細胞:SW837細胞
中文名稱:人直腸癌細胞
生長特性:貼壁
培養基:1640 培養基 血清:10%FBS(GIBCO胎牛血清)
凍存條件:50%基礎培養基、40% FBS、10% DMSO
收到細胞后請盡快更換配套培養基,或自己配置的新鮮培養基(含15%血清),如因特殊情況需要繼續使用原瓶培養基,請在原瓶培養基中額外添加10%的血清(原瓶培養基的繼續使用時間最長不宜超過72小時)。
SW837細胞傳代:
1):細胞密度約80%時,吸出原培養瓶中的培養基,PBS緩沖液潤洗細胞兩次,加2~3 ml 0.25% yi酶進行消化細胞(注意根據實際情況,把握消化時間)。
2):鏡下觀察消化情況,在細胞邊緣縮小,貼壁松動時;
(可用吸管吸起些許yi酶輕輕吹打細胞層某處,即可肉眼可見細胞層脫落,或吹打后鏡下觀察吹打處,即消化完成,否則繼續消化)
直接吸掉yi酶,加3~4ml 培養基,輕輕吹打細胞層,把細胞層吹落,吹散。
3):取部分細胞懸液轉移到新的培養皿中,添加適當的培養基,把細胞懸液打勻,于培養箱中培養。
4):注意培養基PH值變化情況,定期換液(每周2-3次),待細胞密度達到80%以后重復1項操作或者凍存。
(網絡信息主針對網絡推廣作用,僅供參考,細胞培養請咨詢細胞庫管理員,以細胞庫管理員提供給您的信息為準,操作前,如果有不明白之處,先咨詢細胞庫管理員,避免不必要的損失;)

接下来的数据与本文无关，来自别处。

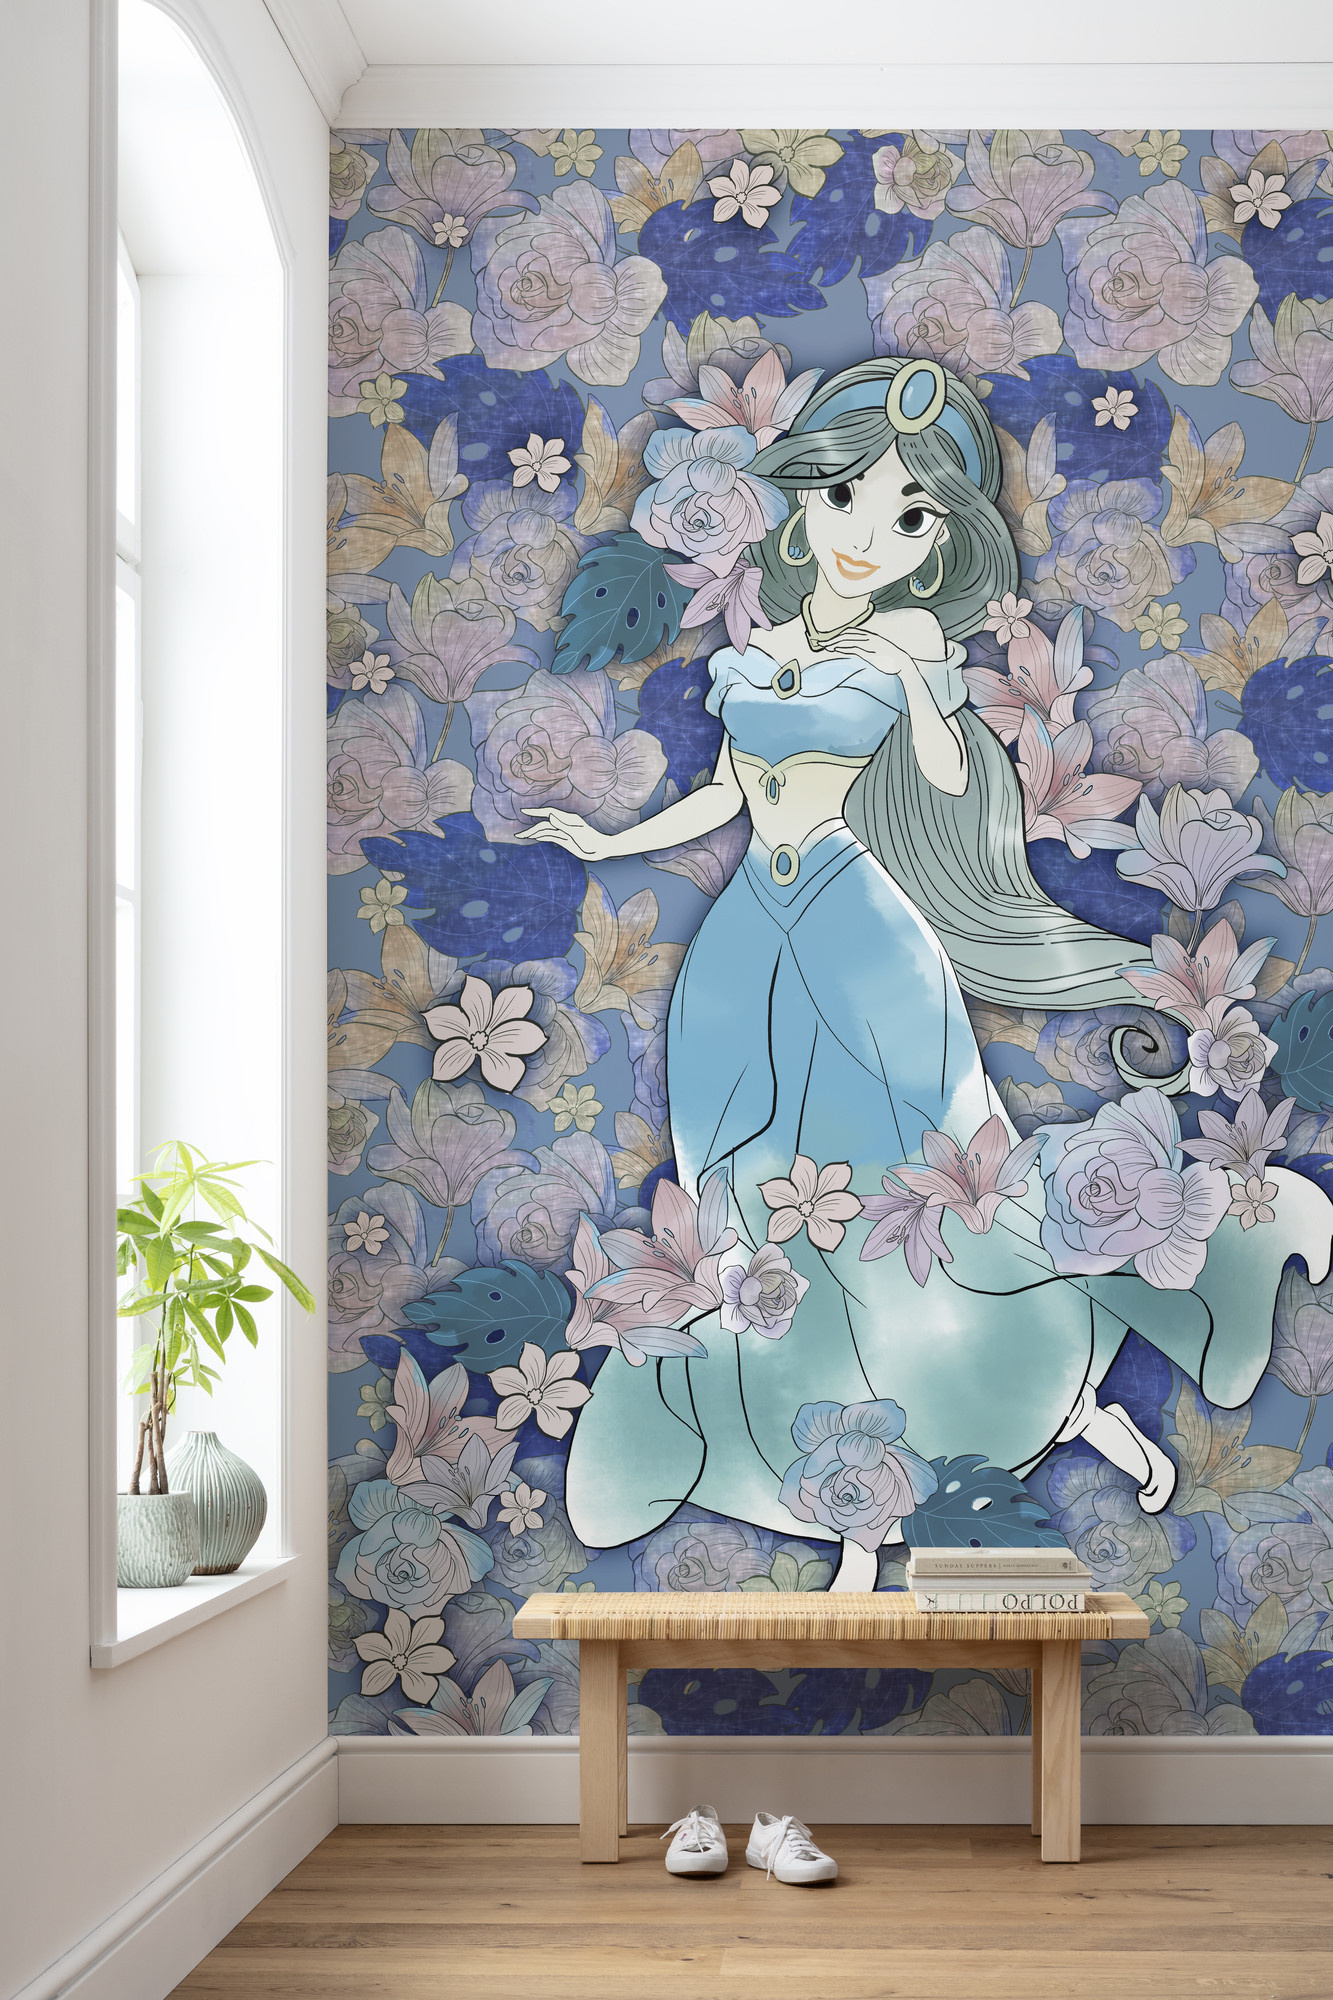 Disney Edition 4 Kinderbehang Komar - Kinderkamer behang Jasmin Colored Flowers

腫瘤壞死因子根據接收的環境信號,刺激細胞死亡或存活。在這個過程中,有兩個關鍵的蛋白:受體相互作用蛋白1(RIP1)和受體相互作用蛋白3(RIP3),形成復合物的形式激發壞死。(小鼠mMSC細胞 來源:通派細胞庫 小鼠骨髓間充質干細胞)
研究顯示,這兩種蛋白及其激酶參與觸發了細胞死亡和炎癥過程,造成許多疾病中的嚴重后果。研究表明RIPK1參與了依賴或不依賴RIPK-3的信號通路,這些信號通路決定了細胞的死亡及炎癥反應。(人HT29細胞 來源:通派細胞庫 人結直腸腺癌細胞)
遺傳敲除ripk1基因會引發出生后致死,但是缺失RIPK1,RIPK3 ,或者caspase- 8,FADD蛋白的動物卻能存活下來,甚至生長至成熟個體。發現RIPK1能阻斷Caspase-8 和RIPK3介導的出生后早期死亡。(人WiDr細胞 來源:通派細胞庫 人大腸癌細胞)
體外實驗表明RIPK1能限制caspase-8依賴性,TNFR誘導的細胞凋亡,但缺失RIPK1, RIPK3和TNFR1的動物能存活至成年,研究人員還發現RIPK3能增加ripk1小鼠的致死率,這說明前者的活性受到了RIPK1的抑制。(人MV522細胞 來源:通派細胞庫 人肺癌細胞)
而TNFR誘導的RIPK3依賴性細胞壞死需要RIPK1,如果細胞缺少RIPK1,就更易發生由poly:C或干擾素引發的細胞壞死。(人ARO細胞 來源:通派細胞庫 人甲狀腺癌細胞)
結果揭示了RIPK1在出生后小鼠中的復雜作用,也為進一步了解RIPK1相關的FADD-caspase-8,RIPK3-MLKL信號通路調控提供了新的數據資料。